Similarly, any other known OUM architecture can be implemented to
obtain three bits from two cells.
[0057] FIG. 10 shows a TLC memory cell pair 1000 for a TLC
Magnetresistive RAM (MRAM). Cell pair 1000 includes a first MRAM
cell 1002 and a second MRAM cell 1003. Each cell, such as 1002,
includes a transistor 1007, preferably an MOS transistor, and an
MRAM element 1005. One source/drain of transistor 1007 is connected
to the corresponding bit line 1010 and the other source/drain is
connected to the MRAM element 1005. The gate of the transistor 1007
is connected to its corresponding word line 1015. The other side of
MRAM element 1005 is connected to a ground voltage 1012. In the
MRAM, the digital data of 1s and 0s are stored as magnetic states
that have different resistances. By using electrical energy
controlled by transistors, such as 1007, the desired digital data
can be written into the MRAM cells. In conventional applications,
only 0s or 1s, representing only two states, are written into the
MRAM cells. The read operation is done by sensing either the low or
the high resistive states of the MRAM cells. However, the
resistance of the MRAM element 1005 can vary depending on the
magnitude of the write current applied to the cell during the write
operation. Thus, by using multi-level write currents, multiple
levels of resistance can be written into a single cell to represent
multiple bits of digital data. In this manner, the TLCP strategy
can be implemented in MRAM. Similarly any other known MRAM
architecture can be implemented to obtain three bits from two
cells.
[0058] In dynamic storage components like DRAM, 1TSRAM, PSRAM,
Dynamic Register array, Dynamic FIFO, etc., a capacitor is being
used in the memory cell to store the desired logic state. As an
example of a dynamic memory to which the TLCP strategy is applied,
FIG. 11 shows a TLC memory cell pair 1100 for a TLC Dynamic RAM
(DRAM). This cell can be used in many dynamic storage applications,
such as 1TSRAM, PSRAM, etc.

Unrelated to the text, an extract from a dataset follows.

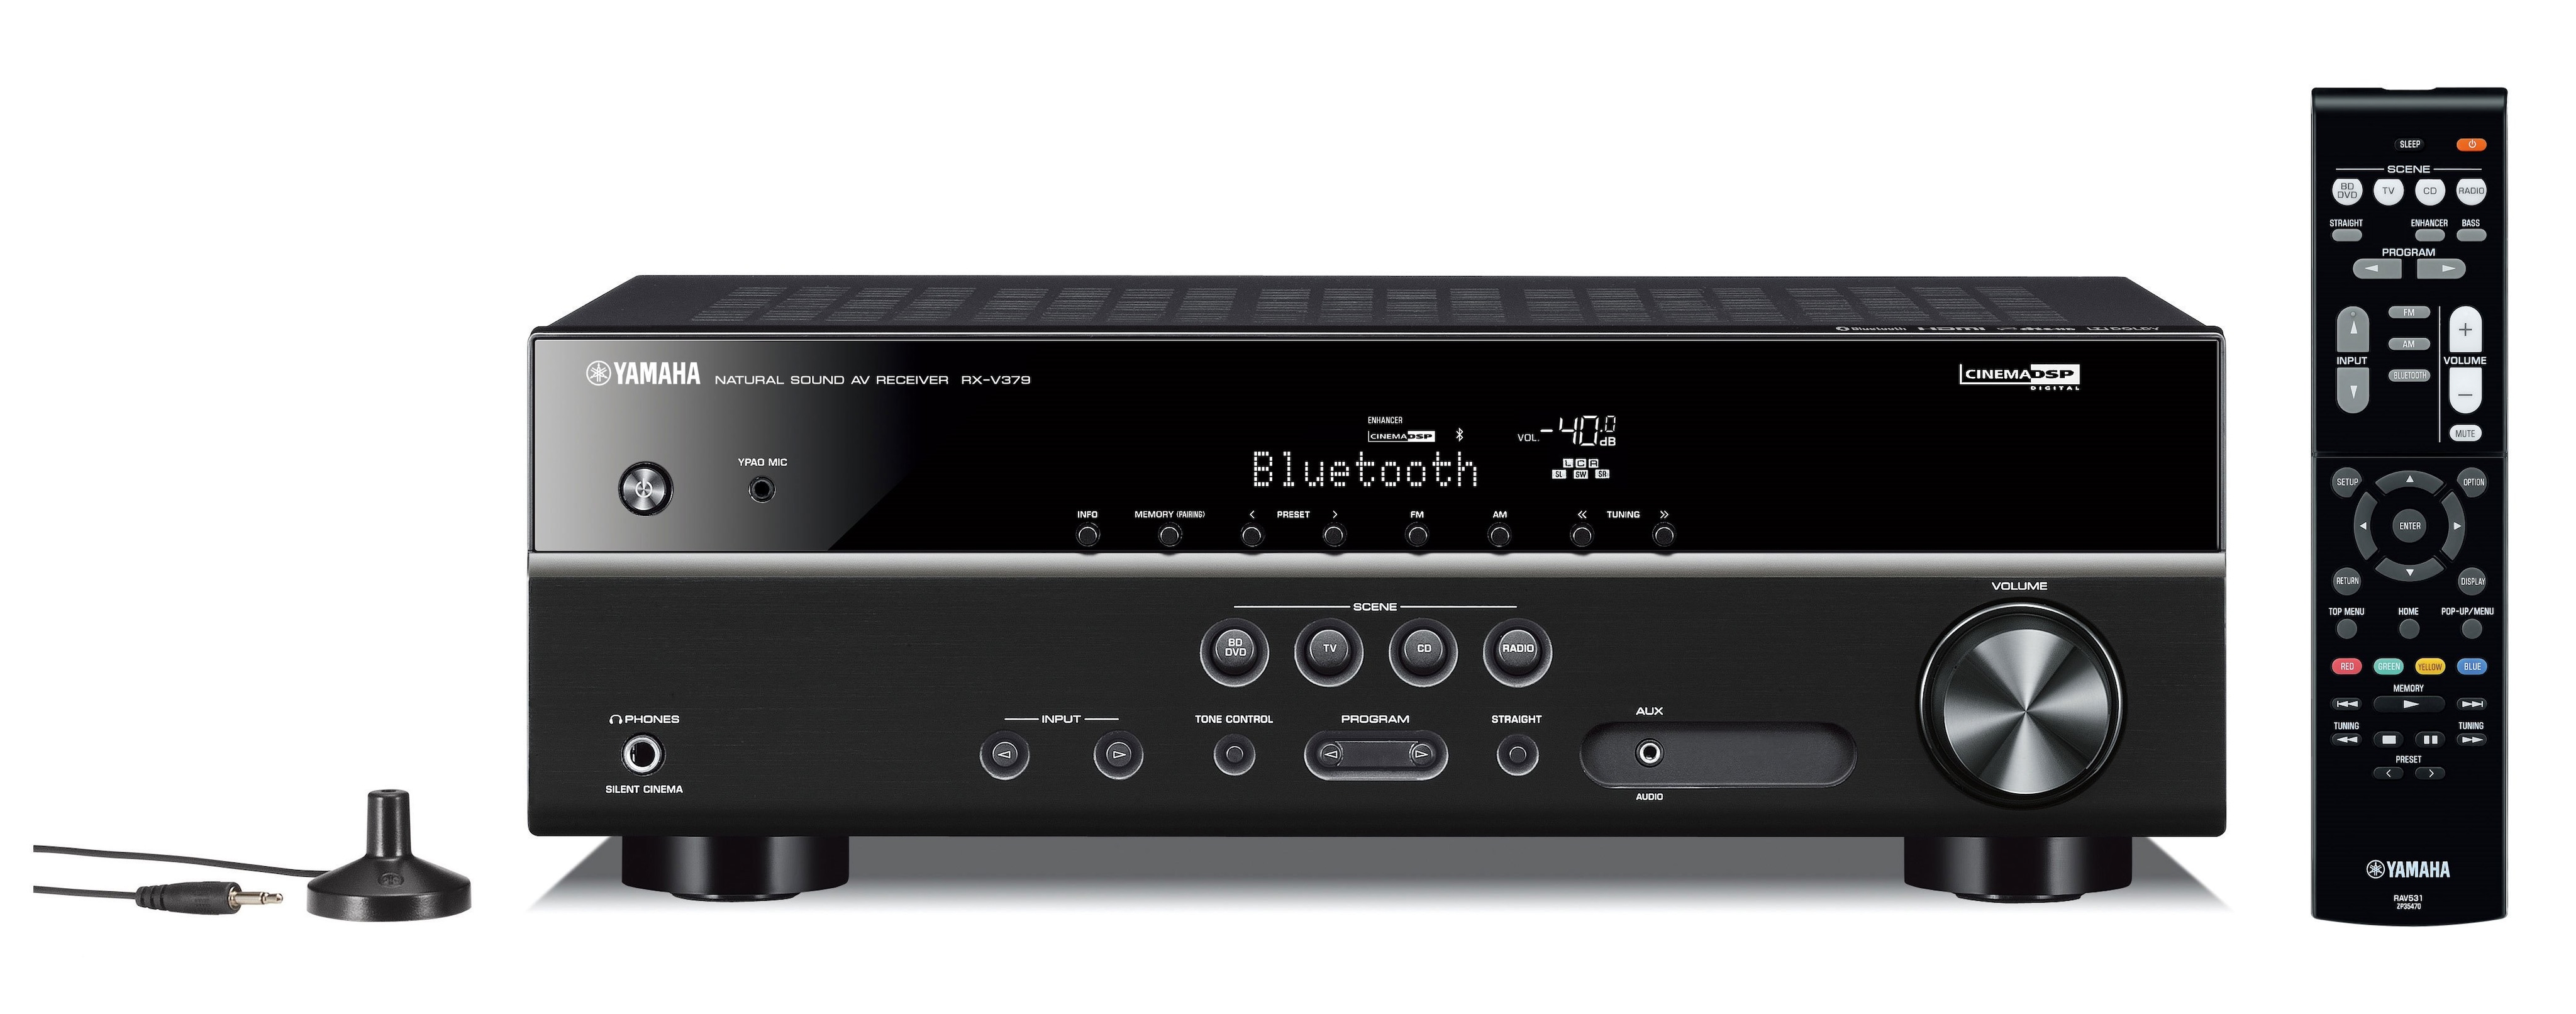 Htr 3068 Overview Av Receivers Audio And Visual Products Yamaha

Cell pair 1100 includes a first DRAM
cell 1102 and a second DRAM cell 1103. Each cell, such as 1102,
includes a transistor 1107, preferably an MOS transistor, and a
capacitor 1105. One source/drain of transistor 1107 is connected to
the corresponding bit line 1110 and the other source/drain is
connected to the capacitor 1105. The gate of the transistor 1107 is
connected to its corresponding word line 1115. The other side of
capacitor 1105 is connected to a ground voltage 1112. The storage
capacitor is charged or discharged by a voltage placed across it to
represent the digital data of 1s and 0s. An intermediate charge
level can also be written into the capacitor, thus giving three
states in the storage cell. Two of the storage cells with tri-level
storage scheme can be put together to represent three data bits.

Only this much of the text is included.